Espéré depuis 2001, l’examen du projet de loi portant Code pénal en République du Bénin est effectif depuis ce lundi 28 mai à l’Assemblée nationale. Les députés se penchent sur le volumineux document qui tient compte des avancées notées sur le chantier des réponses au phénomène criminel contemporain. Le projet se veut le fruit d’un long processus d’actualisation et de finalisation du document introduit en 2001 par le gouvernement. Le rapport général sur le dossier a été adopté hier par les députés. Les travaux se poursuivent ce mardi avec les discussions particulières, c’est-à-dire l’examen proprement dit du volumineux texte.
Le nouveau Code pénal est composé de 1007 articles répartis en trois livres. Le premier livre subdivisé en trois titres porte sur les dispositions générales. Il traite des généralités relatives à la loi pénale, de la responsabilité pénale et des peines. En ce qui concerne les généralités relatives à la loi pénale, les principes généraux de classification des infractions sont définis en même temps que le principe de la légalité des délits et des peines et la compétence des juridictions pénales. Il est également abordé les questions de l'application de la loi pénale dans le temps et dans l'espace, qui ne sont pas différentes des principes antérieurement connus et des règles quasi-universelles en la matière. En ce qui concerne la responsabilité pénale, celle des personnes morales est consacrée à l'exception de l'Etat, ce qui complète les dispositions du Code de procédure pénale sur la question. L'élément intentionnel comme élément constitutif des infractions est rappelé.
La peine de mort exclue
Les causes d'irresponsabilité ou d'atténuation de la responsabilité sont indiquées. Pour ce qui est des peines, elles ont exclu la peine de mort et retenu les différentes durées de réclusion pour les crimes, l'emprisonnement, le travail d'intérêt général, les privations de droits, les peines complémentaires, l'amende et le jour-amende.

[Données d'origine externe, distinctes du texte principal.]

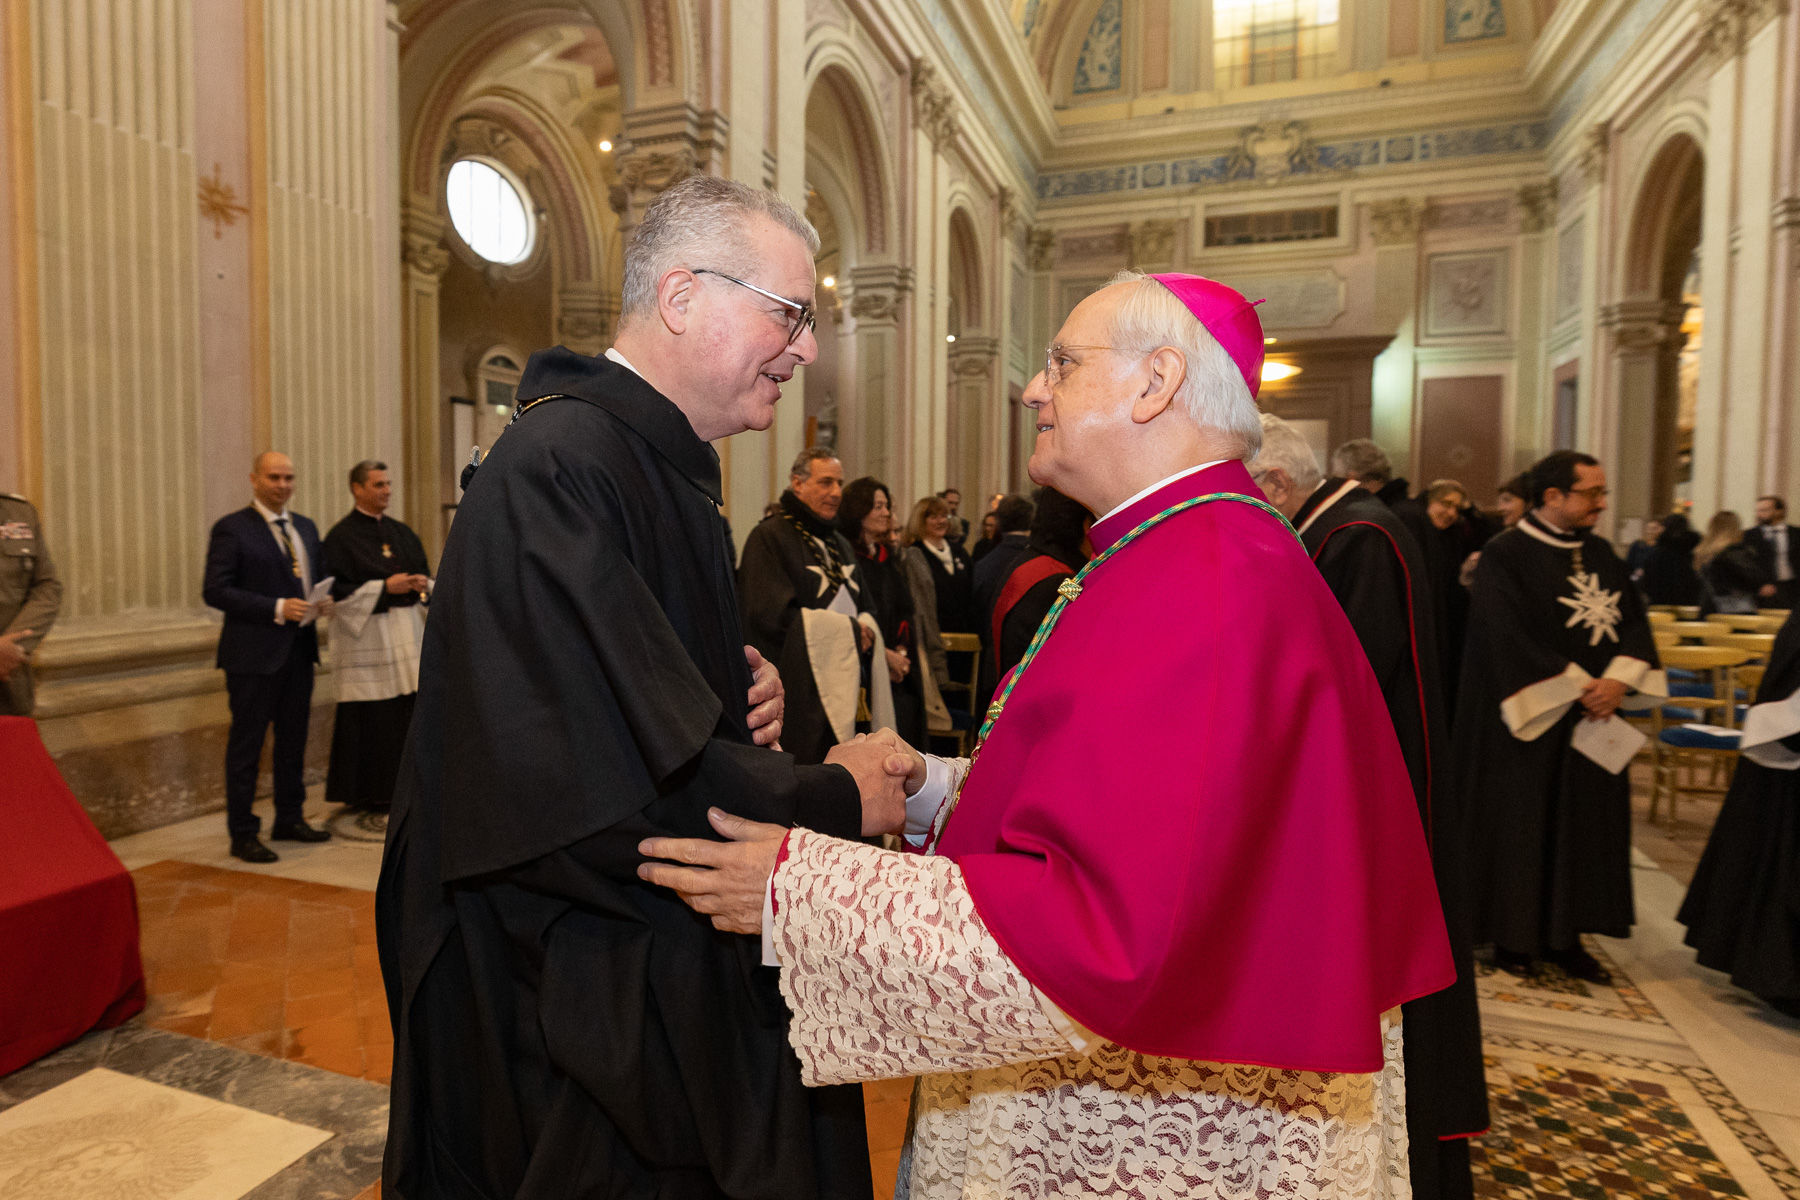 Messa di inizio mandato del Prelato dell’Ordine di Malta: invito a servire con gioia
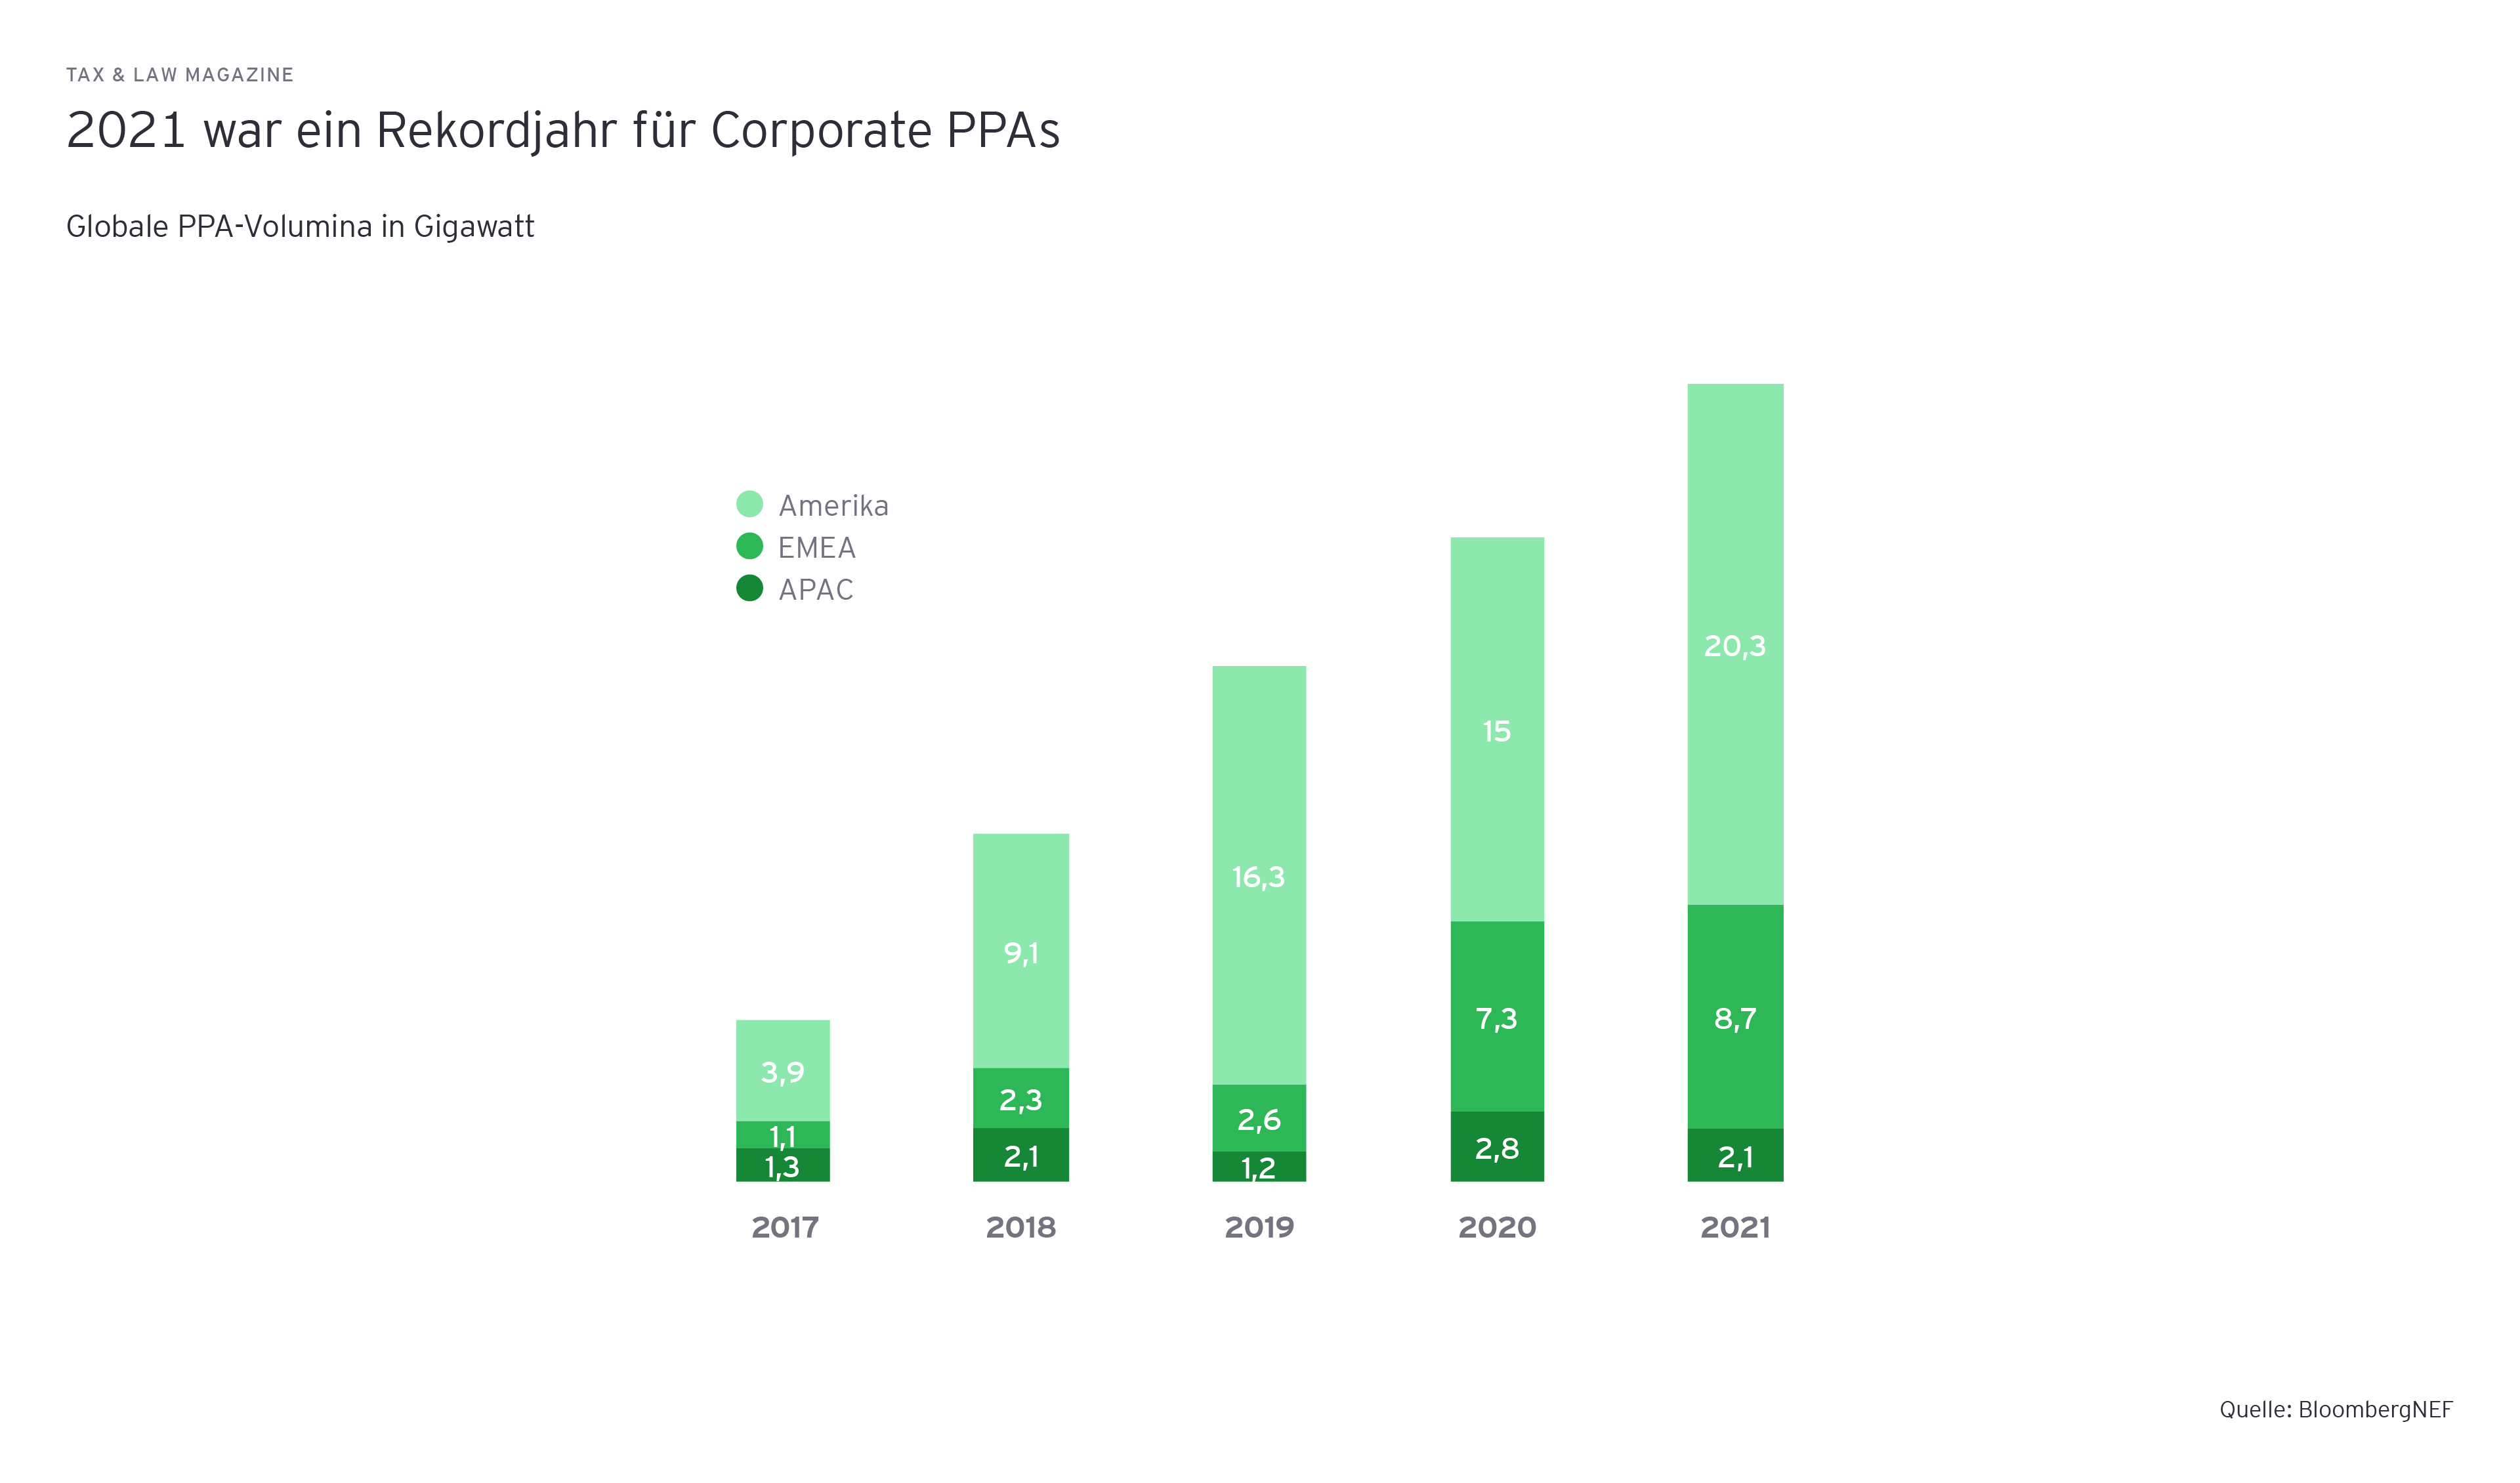 2021 war ein Rekordjahr fuer Corporate PPAs

Les peines prévues pour les personnes morales sont, quant à elles, l'amende, la dissolution, les interdictions diverses, temporaires ou définitives, la fermeture, la confiscation et l'affichage. Les peines applicables en matière de concours d'infractions et en matière de récidive sont également déterminées. Les causes d'aggravation des peines sont également décrites, de même que les circonstances de leur extinction et de l'effacement des condamnations. La prescription, la grâce, l'amnistie, la réhabilitation ont été également prises en compte dans le texte.
Le deuxième livre, pour sa part, traite des crimes, délits et leur répression. C'est dans ce livre que se trouve l'essentiel du Code, c'est-à-dire les incriminations et leurs sanctions, note la commission chargée des Lois qui a présenté le contenu du document à la plénière. Ce livre est relatif aux crimes et délits contre la chose publique et traite, en tout premier lieu, du terrorisme et de sa répression. Le terrorisme est défini de manière ample et les organisations terroristes sont caractérisées. Les peines proposées dans la loi vont de la réclusion criminelle à perpétuité pour les personnes physiques, l'amende pour les personnes morales ainsi que l'interdiction définitive de l'activité dans l'exercice ou à l'occasion de l'exercice de laquelle l'infraction a été commise. La tentative et la complicité ne sont pas ignorées, ainsi que l'apologie du terrorisme. Des exemptions ou réductions de peine sont cependant prévues pour les personnes ayant averti l'autorité, selon que les effets de cette dénonciation ont permis d'éviter les actes projetés ou de faire cesser les agissements ou encore de réduire leur ampleur.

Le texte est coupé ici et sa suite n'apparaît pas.